The present study is the first to report the Tp-e interval and the Tp-e/QT rate. Studies performed to date have demonstrated increased rates of Tp-e interval and Tp-e/QT in autoimmune diseases, including rheumatoid arthritis, systemic lupus erythematosus, and ankylosing spondylitis, exhibiting an intense systemic inflammation response. In addition, this increase was detected to be correlated with inflammatory parameters [35-37]. Some authors underlined the fact that this electrical abnormality could be a predictor of potential cardiac arrhythmias and cause predisposition. While the exact mechanism of the increase in the Tp-e interval and Tp-e/QT in patients with psoriasis vulgaris is not clearly established, we believe that the chronic inflammation process occurring in this disorder contributes to the ventricular repolarization heterogeneity. As a matter of fact, we found a significant correlation between the Tp-e time and the Tp-e/QT rate, and the hs-CRP level and the PASI score in patients with psoriasis vulgaris.

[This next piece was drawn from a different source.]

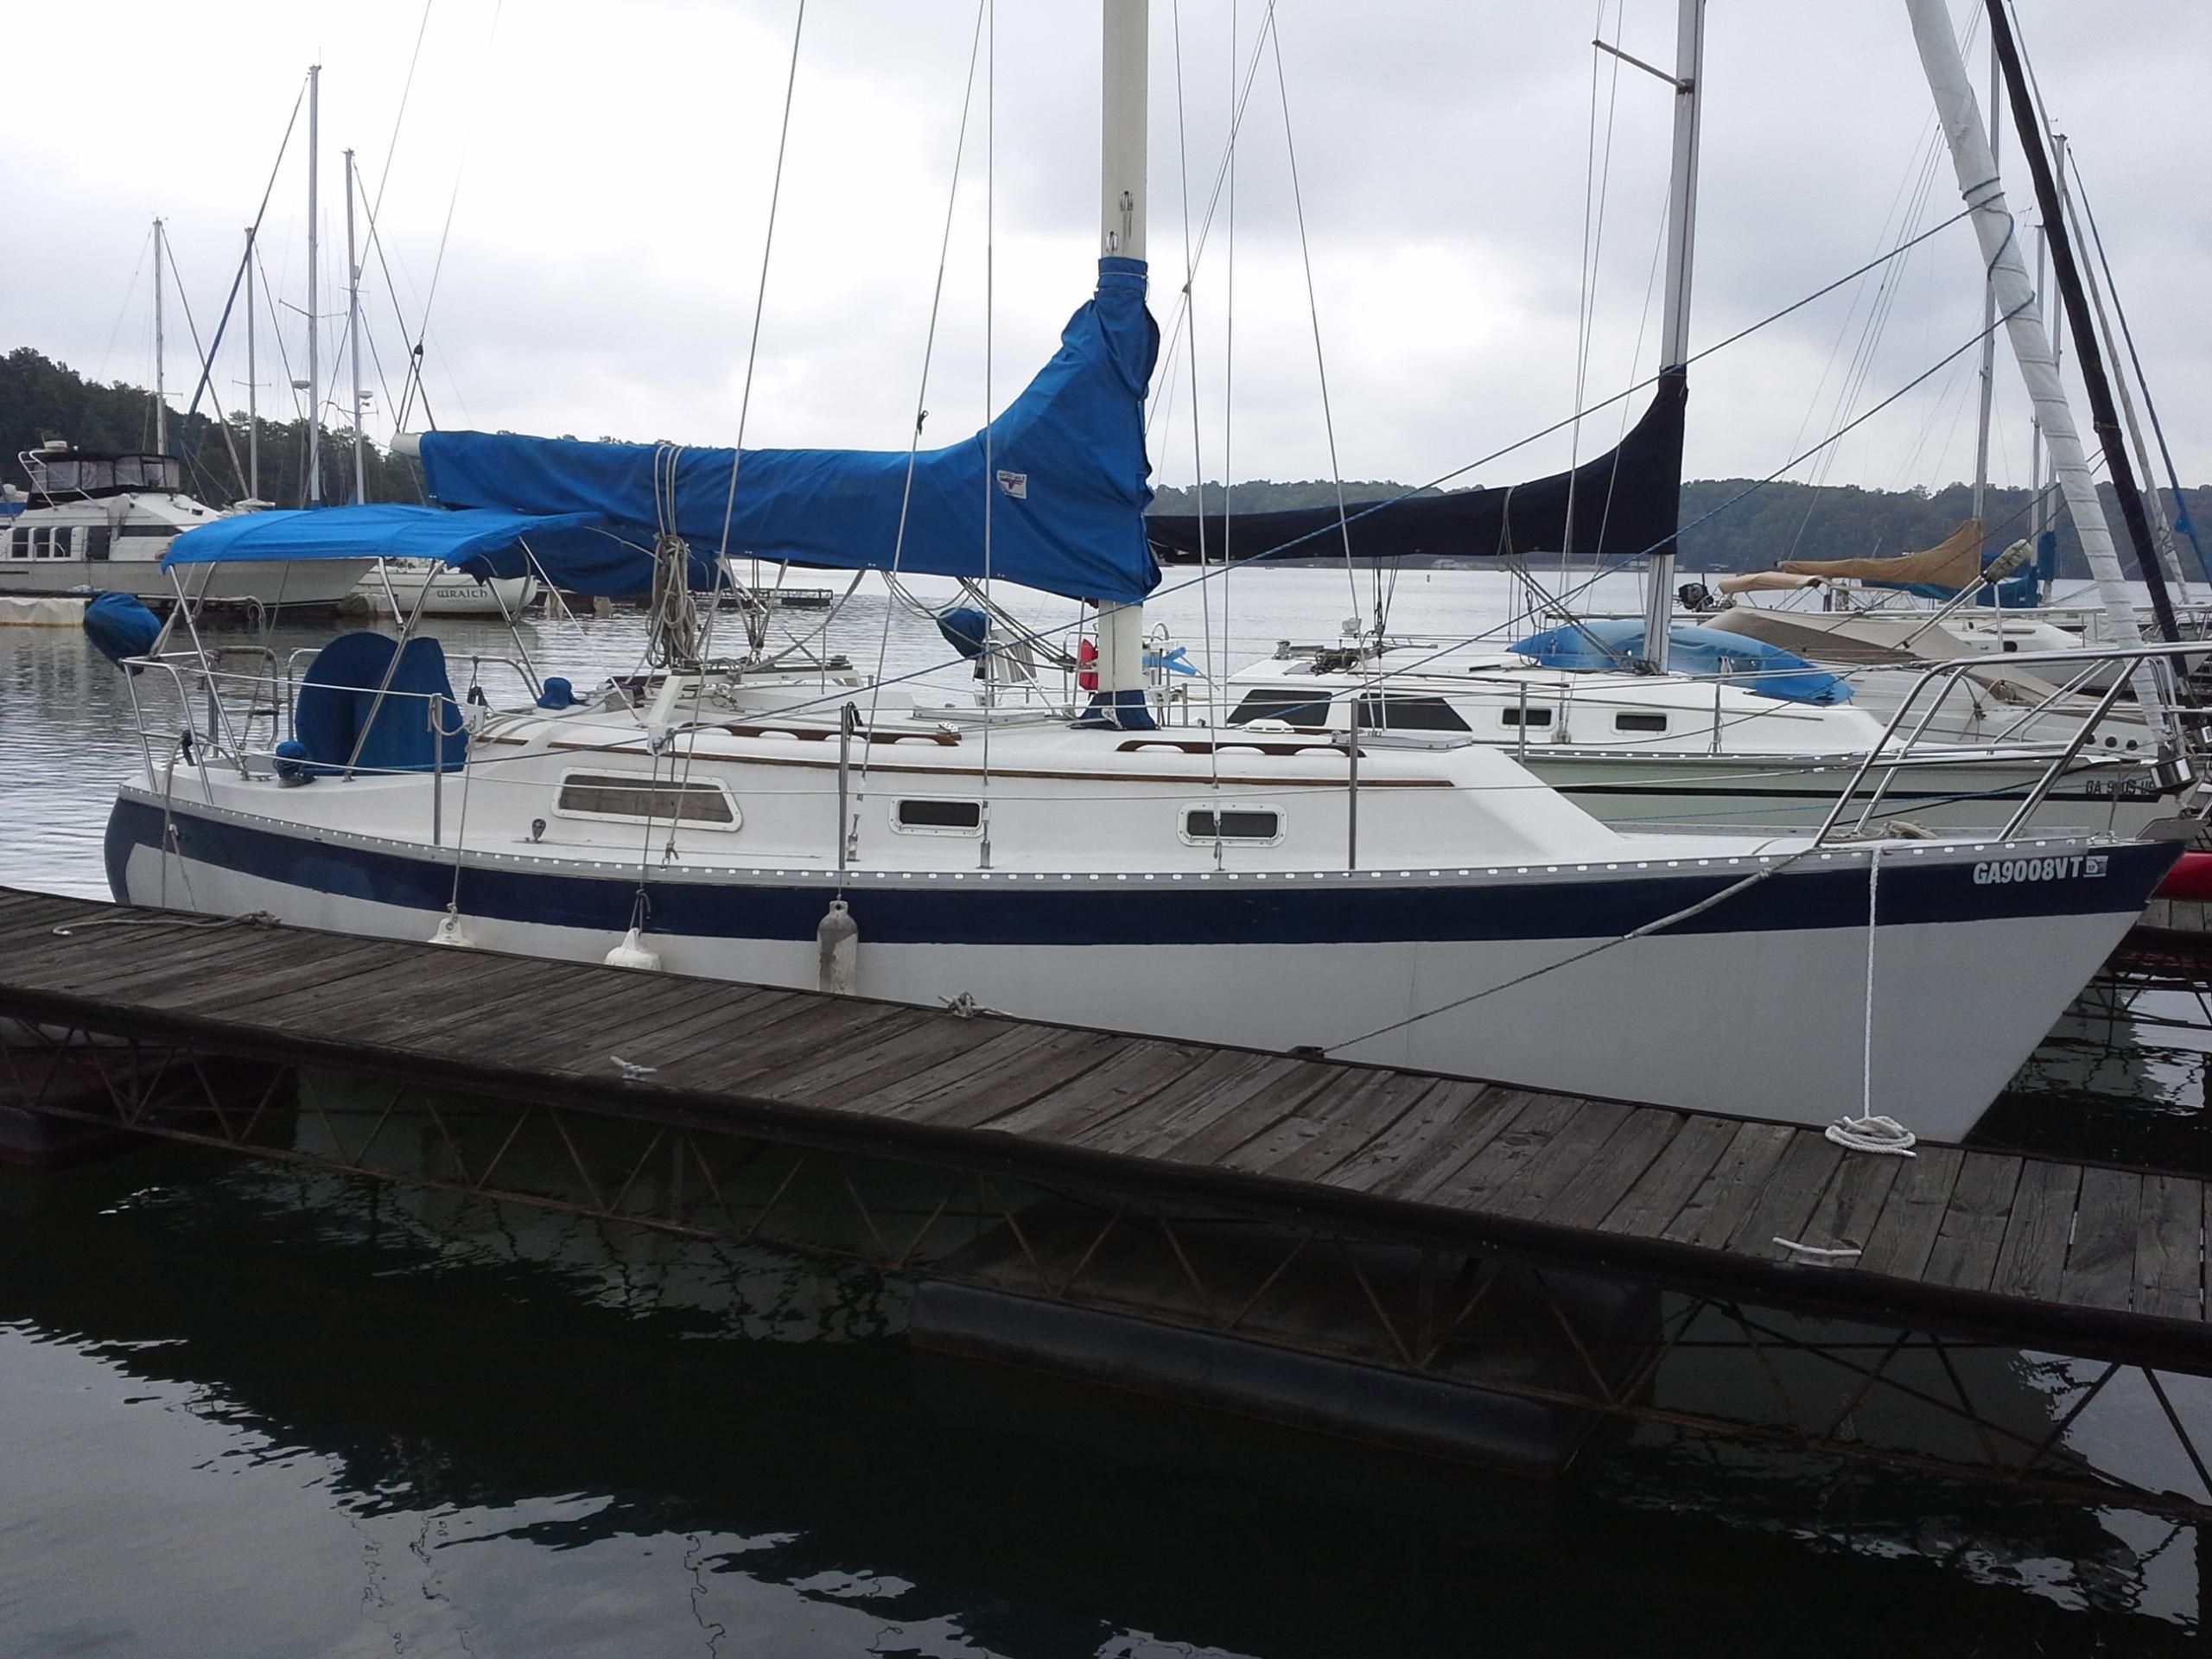 irwin 31 sailboat review

We did not assess the association between the ventricular arrhythmias and the Tp-e interval and Tp-e/QT ratio. Also, the study population could not be followed up prospectively for ventricular arrhythmic episodes. Thus, long-term follow-up and large-scale prospective studies are needed to determine the arrhythmogenic risk and sudden cardiac death (SCD) prediction value of prolonged Tp-e interval and increased Tp-e/QT ratio in psoriasis vulgaris patients. Finally, manual measurements of QT and Tp-e intervals on a paper-printed electrocardiogram is a potential limitation, and the patients being only Turkish in ethnicity, the collection of data from two centers and the absence of information related to the socioeconomic status of the patients might constitute an impediment in the adjustment of our results to the general population.

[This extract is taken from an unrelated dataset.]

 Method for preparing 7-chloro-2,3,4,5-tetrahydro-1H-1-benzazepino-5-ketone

In conclusion, we detected a significant increase in the Tp-e interval and the Tp-e/QT rate in patients with psoriasis vulgaris. Additionally, the ventricular repolarization indices were observed to be associated with inflammation and the severity of the disease. In conclusion, the Tp-e interval and the Tp-e/QT rate could be considered as significant predictors of potential ventricular arrhythmia in patients with psoriasis vulgaris.